Centre

Six braquages ont été commis en trois mois par ces malfrats récidivistes

Le gang “à la Fiat 500” comparaissait ce lundi devant le tribunal correctionnel de Mons. Au menu ? Une multitude de vols avec violence commis dans la région du centre entre juin et août 2017. Sur les trois prévenus, deux sont détenus et un bénéfice d’une libération conditionnelle. Écrire qu’ils connaissent bien les tribunaux du pays est un euphémisme. Et pour cause, les trois ont déjà purgé quelques peines de réclusion pour des faits similaires.

Deux prévenus, Serge Van Elder (45 ans) et Hichame Oukhaiza (43 ans), comparaissent, à des degrés divers, pour ces braquages, ces vols à l’arraché, ces fraudes perpétrés avec diverses circonstances aggravantes comme la vulnérabilité des victimes (trois sont âgées de plus de 70 ans), à l’aide d’une arme et d’un véhicule, la Fiat 500 de Serge. Les deux hommes se connaissent bien, ils se sont rencontrés en prison et s’en sont évadés, ensemble, durant un temps. Pour ces faits, ils ont écopé de quatre ans ferme.

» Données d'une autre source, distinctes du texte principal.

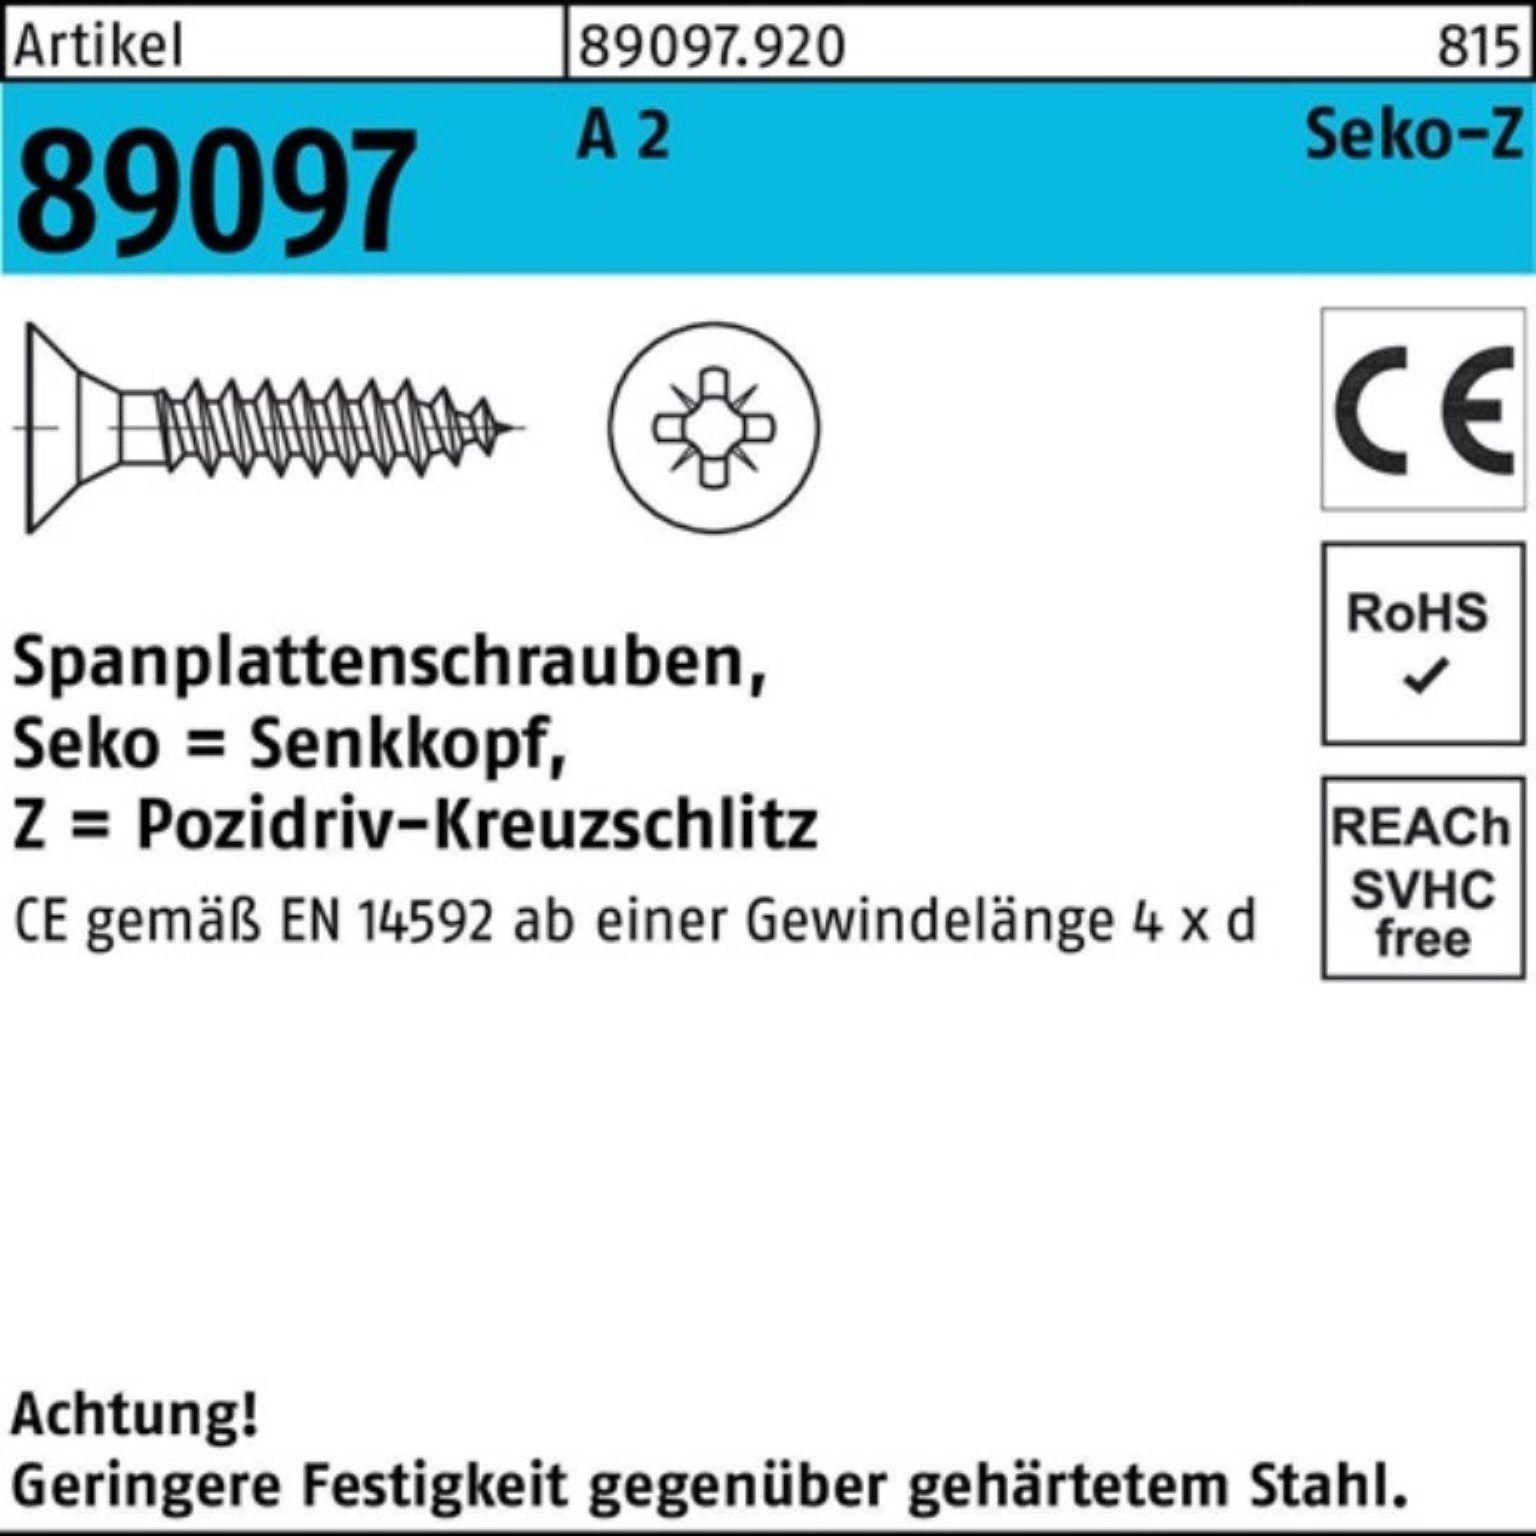 Reyher Spanplattenschraube 1000er PZ A Spanplattenschraube R 1000 SEKO 2 VG 30-Z 89097 4,5x Pack

Donc, avec ces récidives, ce énième passage devant la justice risque de leur coûter très cher. Le ministère public a réclamé 20 ans de prison contre Serge, qui a commis la majorité des braquages et qui est en aveux. Quinze ans de mise à disposition du tribunal d’application des peines ont aussi été réclamés pour “protéger la société”.

À sa défense, M e Puccini a reconnu que le dossier était “loin d’être facile” mais que son client avait collaboré à l’enquête et que ses addictions à la cocaïne et à l’héroïne l’avaient replongé dans ses travers. “Il a été réinséré durant 18 mois, dès sa sortie de prison ! Il avait un appartement, une voiture et un travail. L’élément déclencheur de sa descente aux enfers est lorsqu’il a retrouvé son compagnon de travail pendu dans une armoire… Mais il y a quand même de l’espoir, avec une famille qui le soutien et un suivi psychologique.” Lui infliger la moitié de la peine requise serait, selon la défense, plus juste et plus raisonnable.

Son principal complice, rencontré en prison, nie tout en bloc, y compris lorsqu’il est confronté aux images des caméras. Sa liberté conditionnelle pourrait en effet lui être retirée. Le ministère public a requis 7 ans de prison. Lui réclame son acquittement, pur et simple. Enfin pour le 3e co-prévenus (31 ans), qui n’est pas non plus un enfant de cœur, le ministère public a réclamé quatre ans de prison ferme. Il n’est poursuivi que pour un seul braquage, pour lequel il est en aveux. Il a sollicité “un premier et dernier” sursis probatoire. Jugement dans trois semaines.

De lourdes peines

“C’est un dossier crapuleux”, pointait en audience le substitut Moinil, estimant que la justice avait déjà suffisamment tendu la main aux prévenus aux cours des dernières années. “La multitude des faits prouve la lâcheté et le manque d’empathie des prévenus. Et à chaque sortie, ils ont recommencé. Huit à neuf fois libérés et ils ont recommencé avec les mêmes faits !” Des braquages mais aussi des vols à l’arraché où finalement les butins étaient bien maigres.“Une dame de 73 ans n’ose même plus sortir de chez elle !”, s’exclamait le substitut Moinil. “Les dommages moraux, les chocs psychologiques sont énormes. Je n’ai jamais constaté aussi peu d’humanité dans un dossier. Rien aujourd’hui ne justifierait qu’on laisse un espoir, une fenêtre ouverte à ces prévenus.”